2) You probably want to center your three variables *after* doing the  
subset to remove fillers, instead of before. Since in your script  
right now you're centering them before doing this subset, there is a  
good chance that they are no longer centered when you are doing your  
actual analysis.

3) You may want to try including random participant and item slopes  
for your effects of interest, since that is something essentially  
built in to analyses like a traditional repeated measures Anova.  
However, putting in the full (1+cRelativiser * cAttachment | item),  
may make your model hard for lmer to estimate. So, you may be able to  
iteratively add or iteratively remove these random effects using the  
anova() function to compare lmer models that are a subset of each  
other. (Harald Baayen's In Press book discusses this in chapter 7.)

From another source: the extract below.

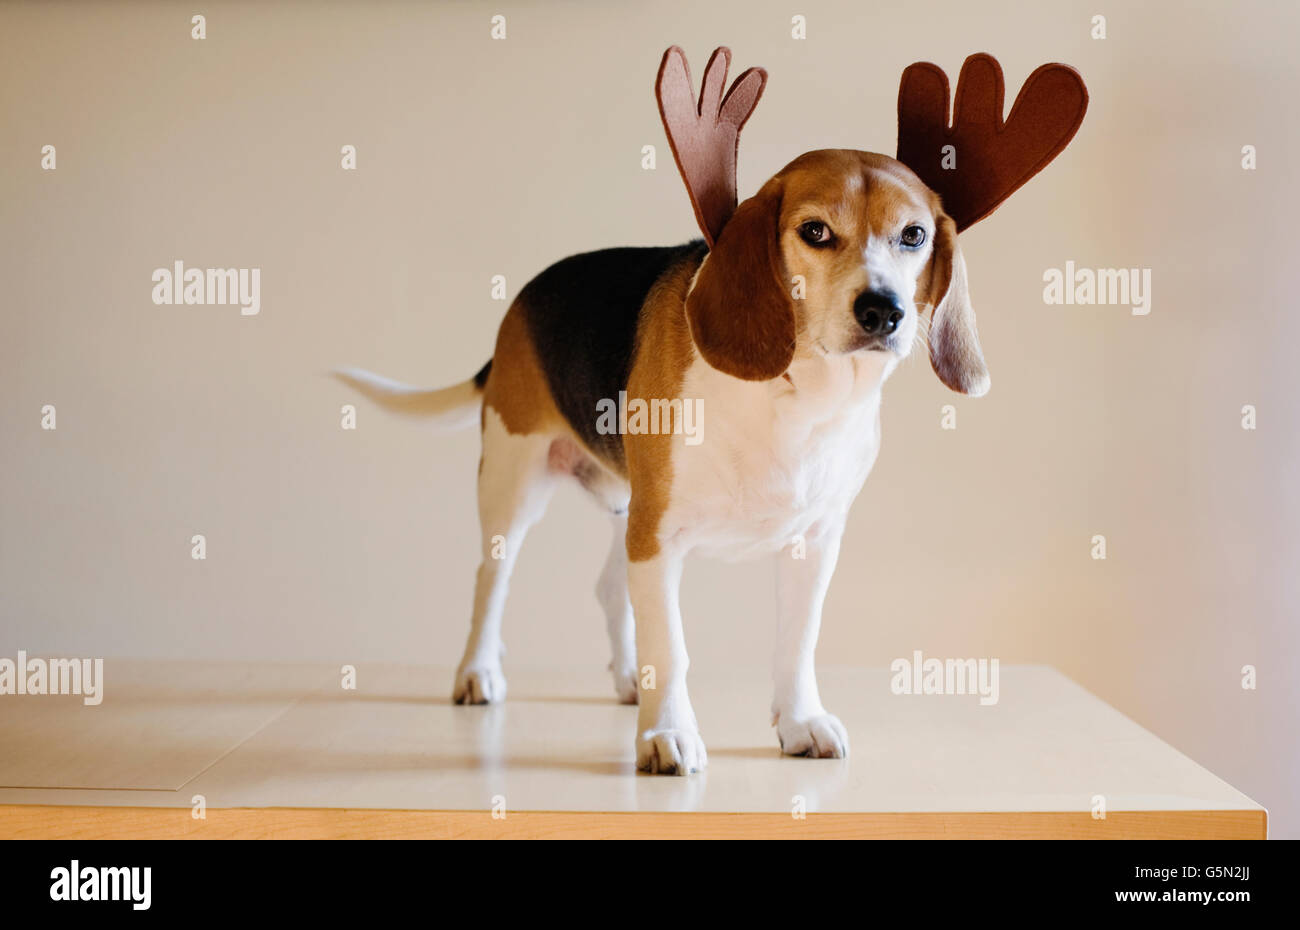 Dog wearing reindeer horns Stock Photo

4) I'm guessing that when the script says 'the highest value is 0.57',  
you're meaning that 0.57 is the largest of the correlations of fixed  
effects in the lmer summary? (and thus you're checking for  
collinearity). I believe that as a rule of thumb (and someone please  
correct me if I'm wrong), correlations of fixed effects over 0.1 are  
somewhat troubling, and over 0.2 are bad. (Although I believe higher  
correlations between a coefficient estimate and the intercept estimate  
are inconsequential.) You may find that centering your variables after  
doing the subset will fix the collinearity that you may be having.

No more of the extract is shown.